Data section
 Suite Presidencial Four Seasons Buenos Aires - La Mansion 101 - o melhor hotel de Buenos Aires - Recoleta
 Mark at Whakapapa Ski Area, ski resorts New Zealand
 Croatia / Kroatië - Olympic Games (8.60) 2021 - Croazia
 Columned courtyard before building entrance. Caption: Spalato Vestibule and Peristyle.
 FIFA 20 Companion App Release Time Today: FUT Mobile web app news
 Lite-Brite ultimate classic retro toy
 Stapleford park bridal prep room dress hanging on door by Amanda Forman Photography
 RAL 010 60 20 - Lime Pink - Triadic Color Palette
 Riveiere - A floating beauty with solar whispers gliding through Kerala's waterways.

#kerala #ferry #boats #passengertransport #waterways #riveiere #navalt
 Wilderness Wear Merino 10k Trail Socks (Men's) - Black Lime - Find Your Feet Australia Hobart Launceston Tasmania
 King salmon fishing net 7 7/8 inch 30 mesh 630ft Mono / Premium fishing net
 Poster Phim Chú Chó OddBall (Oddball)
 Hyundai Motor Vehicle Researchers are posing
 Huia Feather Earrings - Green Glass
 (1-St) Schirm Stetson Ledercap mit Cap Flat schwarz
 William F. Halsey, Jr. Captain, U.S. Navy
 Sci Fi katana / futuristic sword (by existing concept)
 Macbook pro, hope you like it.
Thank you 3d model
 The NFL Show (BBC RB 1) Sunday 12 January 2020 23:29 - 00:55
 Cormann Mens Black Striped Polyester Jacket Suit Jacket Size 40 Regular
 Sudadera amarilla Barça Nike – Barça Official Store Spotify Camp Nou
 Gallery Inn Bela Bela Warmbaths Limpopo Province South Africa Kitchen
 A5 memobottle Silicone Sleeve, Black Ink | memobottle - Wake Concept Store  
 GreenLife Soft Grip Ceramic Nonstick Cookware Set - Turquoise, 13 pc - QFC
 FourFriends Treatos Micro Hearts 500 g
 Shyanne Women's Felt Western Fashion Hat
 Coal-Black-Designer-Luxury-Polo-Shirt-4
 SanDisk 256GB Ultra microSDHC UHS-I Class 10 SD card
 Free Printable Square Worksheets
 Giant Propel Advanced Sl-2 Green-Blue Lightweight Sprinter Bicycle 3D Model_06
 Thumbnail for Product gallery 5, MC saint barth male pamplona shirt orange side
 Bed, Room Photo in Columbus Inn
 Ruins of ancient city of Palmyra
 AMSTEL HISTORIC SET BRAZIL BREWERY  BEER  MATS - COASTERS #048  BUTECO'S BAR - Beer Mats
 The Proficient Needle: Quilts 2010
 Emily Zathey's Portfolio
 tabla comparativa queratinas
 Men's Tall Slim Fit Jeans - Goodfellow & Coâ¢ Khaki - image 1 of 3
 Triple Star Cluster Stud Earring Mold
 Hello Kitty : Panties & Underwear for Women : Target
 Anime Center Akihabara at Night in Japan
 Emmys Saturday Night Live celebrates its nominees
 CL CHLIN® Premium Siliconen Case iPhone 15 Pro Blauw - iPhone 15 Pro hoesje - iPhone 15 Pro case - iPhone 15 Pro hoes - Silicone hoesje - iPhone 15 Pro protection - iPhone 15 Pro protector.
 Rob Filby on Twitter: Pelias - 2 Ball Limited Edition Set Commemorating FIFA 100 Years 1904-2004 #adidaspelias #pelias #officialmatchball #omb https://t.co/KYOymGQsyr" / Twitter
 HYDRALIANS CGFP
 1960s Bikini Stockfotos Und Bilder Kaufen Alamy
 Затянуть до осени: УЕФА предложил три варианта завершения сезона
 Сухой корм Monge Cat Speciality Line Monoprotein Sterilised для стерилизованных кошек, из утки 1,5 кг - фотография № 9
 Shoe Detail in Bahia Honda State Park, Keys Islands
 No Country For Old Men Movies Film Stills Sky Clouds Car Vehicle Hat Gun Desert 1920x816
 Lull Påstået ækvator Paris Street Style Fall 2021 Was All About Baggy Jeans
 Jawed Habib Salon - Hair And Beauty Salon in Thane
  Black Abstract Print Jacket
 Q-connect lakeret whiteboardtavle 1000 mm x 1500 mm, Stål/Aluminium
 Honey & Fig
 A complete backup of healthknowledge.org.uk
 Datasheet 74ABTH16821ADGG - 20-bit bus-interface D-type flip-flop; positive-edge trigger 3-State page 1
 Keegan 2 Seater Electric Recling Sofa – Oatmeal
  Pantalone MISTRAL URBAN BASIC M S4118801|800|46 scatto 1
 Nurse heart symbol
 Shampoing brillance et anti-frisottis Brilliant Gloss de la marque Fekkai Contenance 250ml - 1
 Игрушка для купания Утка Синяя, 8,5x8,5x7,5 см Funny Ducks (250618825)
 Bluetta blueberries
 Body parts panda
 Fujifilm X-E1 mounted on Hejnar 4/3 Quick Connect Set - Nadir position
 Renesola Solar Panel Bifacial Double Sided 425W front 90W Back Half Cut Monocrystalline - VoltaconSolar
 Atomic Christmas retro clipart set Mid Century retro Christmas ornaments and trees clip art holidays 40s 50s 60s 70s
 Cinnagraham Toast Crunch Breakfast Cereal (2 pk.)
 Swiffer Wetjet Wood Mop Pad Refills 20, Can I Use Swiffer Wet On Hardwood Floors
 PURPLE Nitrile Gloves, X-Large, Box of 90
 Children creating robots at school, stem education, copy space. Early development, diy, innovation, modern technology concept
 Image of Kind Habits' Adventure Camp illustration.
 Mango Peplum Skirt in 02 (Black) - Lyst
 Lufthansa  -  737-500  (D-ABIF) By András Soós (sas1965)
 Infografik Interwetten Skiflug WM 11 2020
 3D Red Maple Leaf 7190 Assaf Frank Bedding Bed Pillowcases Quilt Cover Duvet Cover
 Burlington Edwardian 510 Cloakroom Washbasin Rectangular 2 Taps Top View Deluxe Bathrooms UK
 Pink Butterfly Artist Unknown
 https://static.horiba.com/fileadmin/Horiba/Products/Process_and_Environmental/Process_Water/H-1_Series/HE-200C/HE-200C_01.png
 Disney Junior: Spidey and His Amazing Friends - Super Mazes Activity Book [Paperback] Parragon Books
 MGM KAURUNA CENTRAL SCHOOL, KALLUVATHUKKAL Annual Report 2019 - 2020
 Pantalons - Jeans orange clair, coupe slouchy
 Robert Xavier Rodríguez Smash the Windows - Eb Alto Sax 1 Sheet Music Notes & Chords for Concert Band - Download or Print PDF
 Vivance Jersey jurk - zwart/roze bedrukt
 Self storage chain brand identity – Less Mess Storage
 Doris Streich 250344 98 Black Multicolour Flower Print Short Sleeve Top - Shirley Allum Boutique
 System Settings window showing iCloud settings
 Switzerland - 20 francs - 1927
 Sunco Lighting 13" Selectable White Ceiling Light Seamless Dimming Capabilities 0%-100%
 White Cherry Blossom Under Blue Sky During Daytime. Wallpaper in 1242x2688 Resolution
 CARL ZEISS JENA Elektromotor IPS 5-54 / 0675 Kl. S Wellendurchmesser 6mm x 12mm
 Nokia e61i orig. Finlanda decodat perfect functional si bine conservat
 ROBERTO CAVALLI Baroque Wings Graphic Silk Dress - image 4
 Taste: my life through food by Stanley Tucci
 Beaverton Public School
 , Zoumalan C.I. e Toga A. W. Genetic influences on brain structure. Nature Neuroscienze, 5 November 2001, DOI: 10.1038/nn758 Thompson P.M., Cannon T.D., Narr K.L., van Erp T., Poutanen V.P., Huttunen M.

Aim of the task
The answer should be the first line of the material and every line after it through the line containing "Riveiere - A", exactly as written, and nothing else.

Reply to the exercise
 Suite Presidencial Four Seasons Buenos Aires - La Mansion 101 - o melhor hotel de Buenos Aires - Recoleta
 Mark at Whakapapa Ski Area, ski resorts New Zealand
 Croatia / Kroatië - Olympic Games (8.60) 2021 - Croazia
 Columned courtyard before building entrance. Caption: Spalato Vestibule and Peristyle.
 FIFA 20 Companion App Release Time Today: FUT Mobile web app news
 Lite-Brite ultimate classic retro toy
 Stapleford park bridal prep room dress hanging on door by Amanda Forman Photography
 RAL 010 60 20 - Lime Pink - Triadic Color Palette
 Riveiere - A floating beauty with solar whispers gliding through Kerala's waterways.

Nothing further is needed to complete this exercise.